Indonesian Political, Business & Finance News

KL liberalizes rules on banking, exchange control

| Source: AFP

KL liberalizes rules on banking, exchange control

KUALA LUMPUR (AFP): Malaysia's central bank yesterday designated seven of the country's largest banks to operate foreign currency accounts for exporters in a significant move to liberalize its exchange control rules.

This also followed the decision by the central bank to allow stronger, well-managed banking institutions to conduct new activities under a more liberal two-tier regulatory environment.

Five Malaysian and two foreign-owned banks will from next month allow exporters to maintain export proceeds in foreign currency of up to an overnight balance of $5 million per exporter.

"The move to allow exporters to hold foreign exchange besides the central bank and commercial banks represents the first major revision of Malaysia's exchange control rules since 1987," central bank governor Ahmad Mohd Don said.

The liberalization of Malaysia's exchange control rules was first announced in the 1995 budget presented by Finance Minister Anwar Ibrahim in parliament on October 28.

Rules governing capital flows had to be changed in view of the increasing number of Malaysians now expanding businesses abroad in a big way, officials of Bank Negara, the central bank, said.

Previously, exporters had to repatriate proceeds in the form of ringgit back to Malaysia within a specified period.

Malayan Banking (Maybank), Bank Bumiputra Malaysia Bhd., Public Bank Bhd., Bank of Commerce (M) Bhd., Development and Commercial Bank Bhd. and foreign-owned Hongkong Bank Malaysia Bhd. and OCBC Bank (M) Bhd. have been designated for the purpose.

Finance

The seven banks were chosen based on their strong financial backing under the two-tier system, Ahmad said.

"While the minimum capital requirement is set initially at 500 million ringgit (US$200 million) for the seven banks, they will have to raise their capital to at least one billion over a specified period of time," Ahmad said.

Bank Negara announced in August plans to introduce its so- called two-tier system to allow the better-managed and financially-sound banks more freedom to undertake activities their weaker counterparts were not permitted to do.

The rest of the 30 commercial banks operating in Malaysia could graduate into "Tier-1" once they qualified, Ahmad said.
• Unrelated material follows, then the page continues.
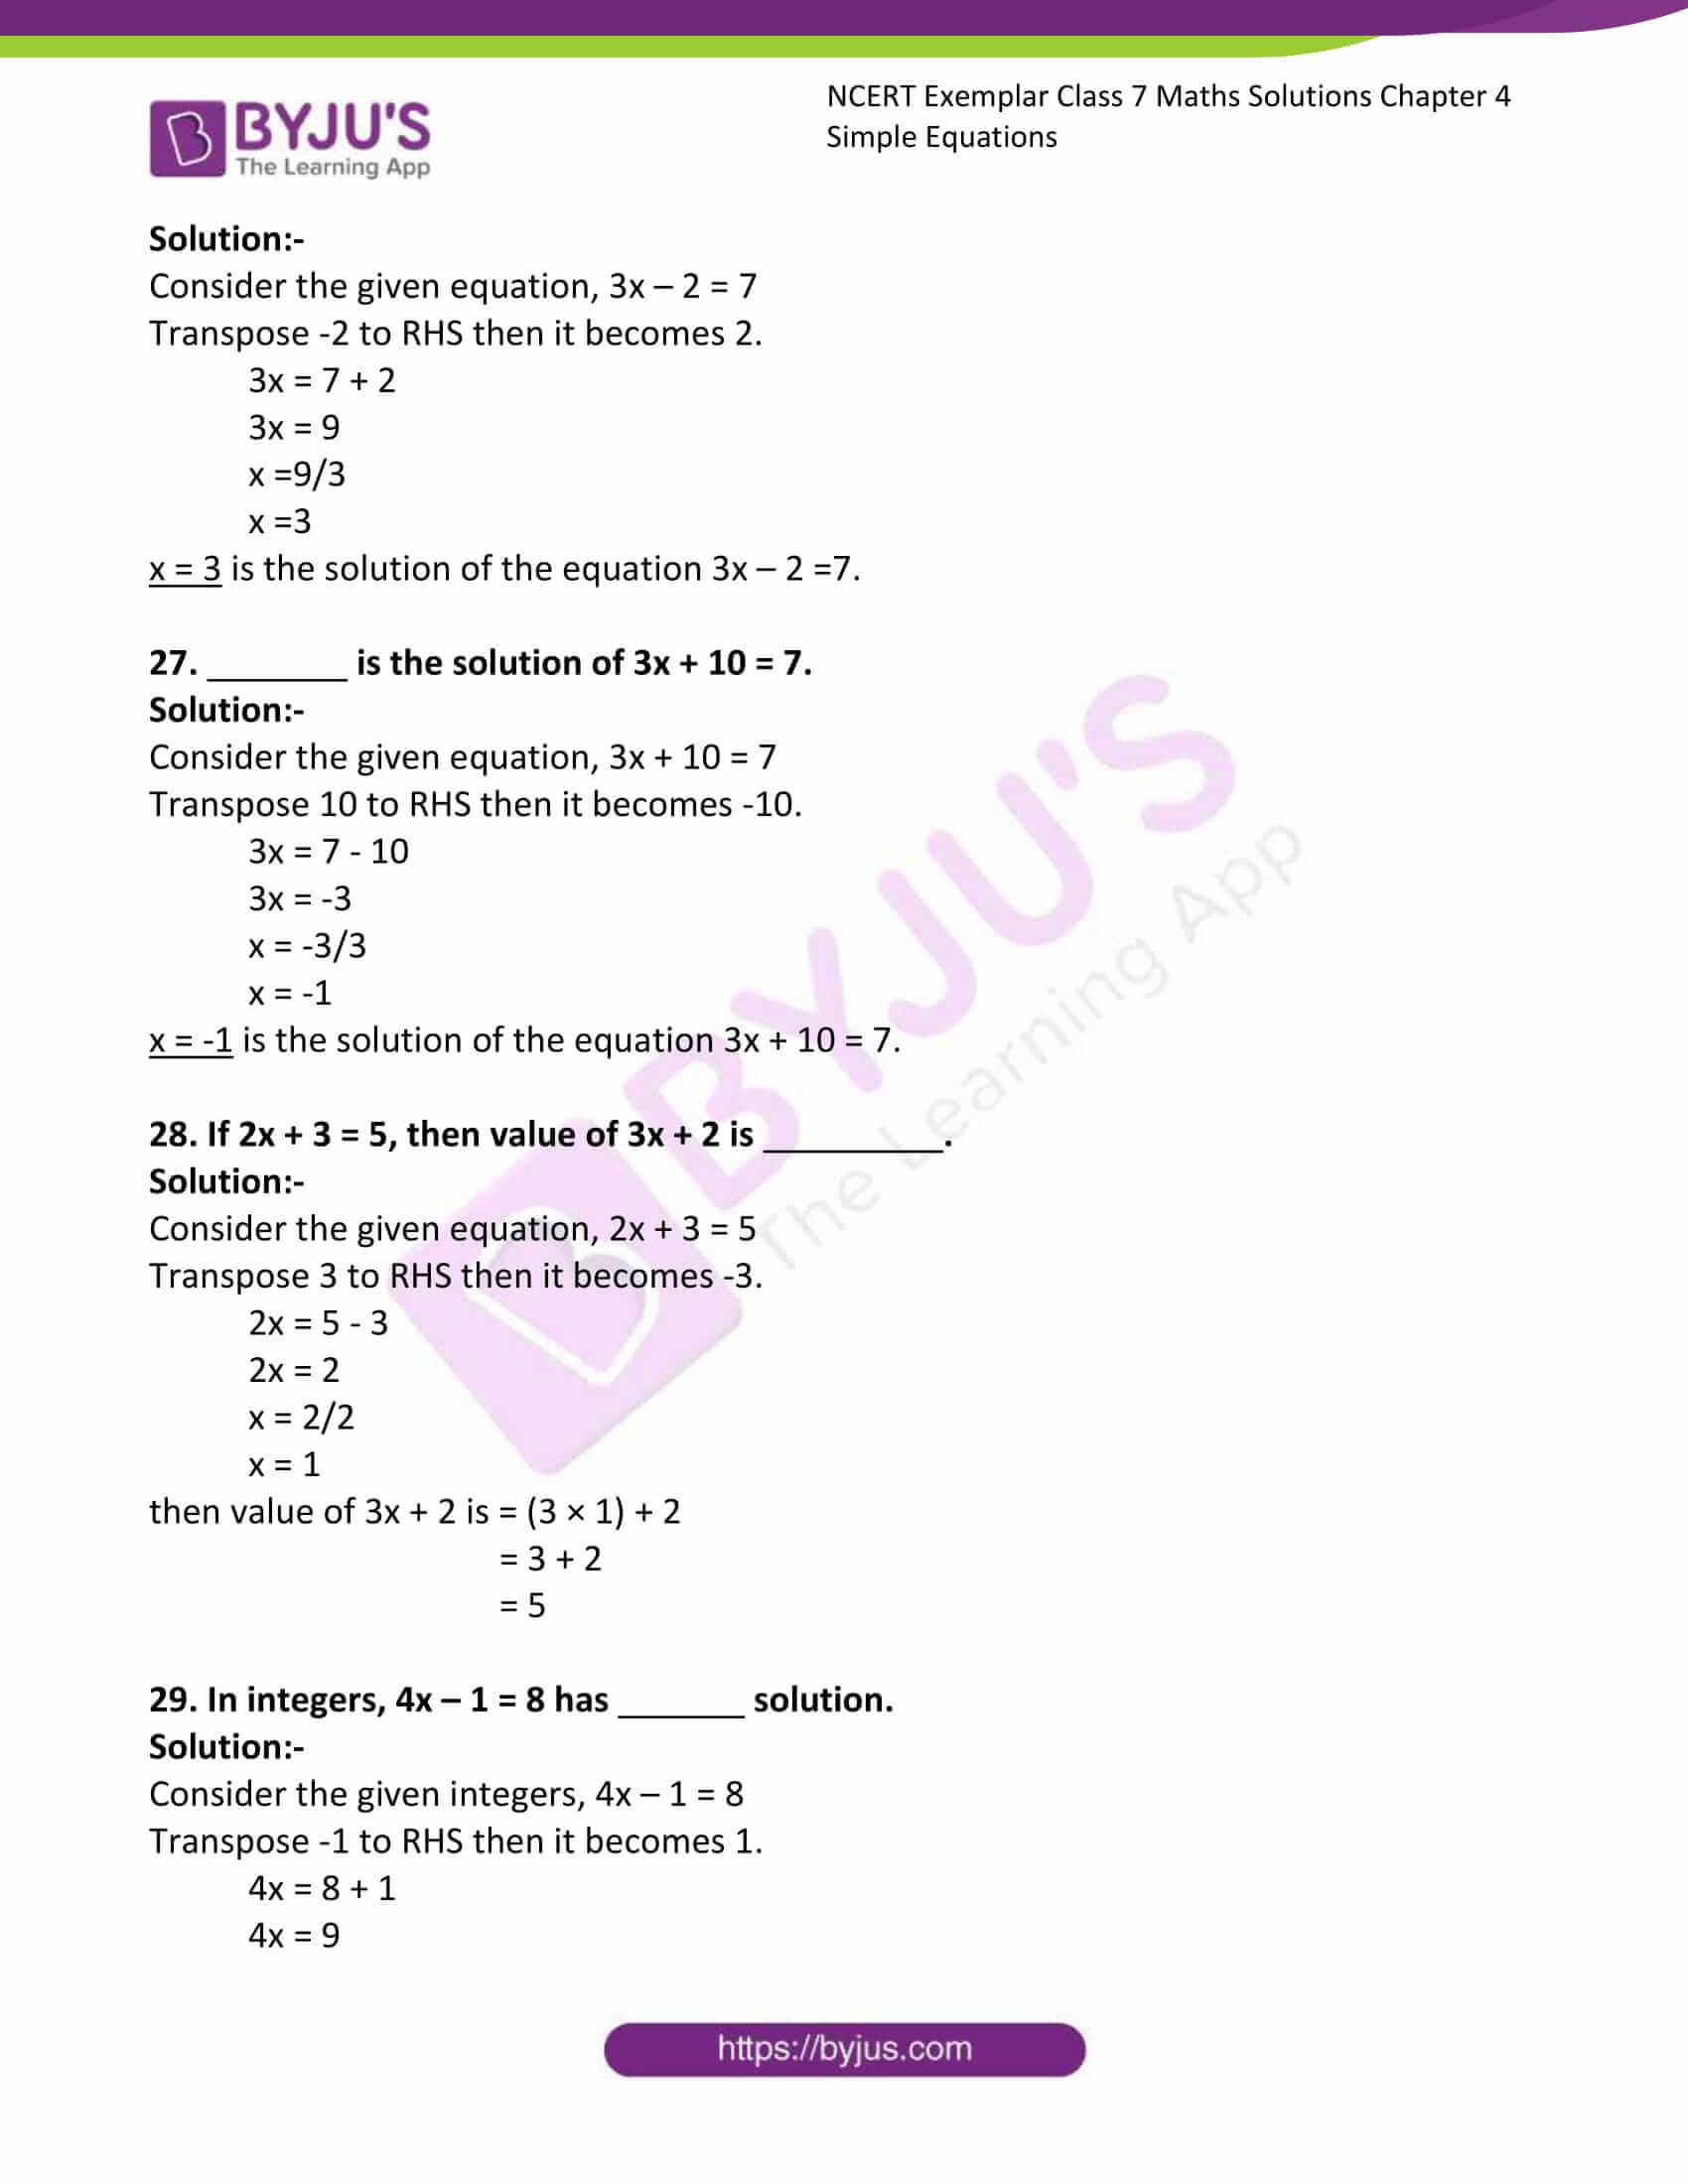 ncert exemplar class 7 maths solutions chapter 4 11

The 12 merchant banks in the country may be classified in the same manner, he said.

The seven "Tier-1" banks account for 54 percent of total number of 1,248 bank branches in the country, 60 percent of total deposits and 58 percent of total loans.

Explaining the 1995 budget proposals on the more relaxed rules on foreign currency borrowing, Ahmad said the threshold on foreign loans requiring approval was now raised from the current level of two million ringgit to five million ringgit.

The aggregate limit of ringgit loans to foreigners for buying property in Malaysia would also be raised to 200,000 ringgit from the present 100,000 ringgit, he said.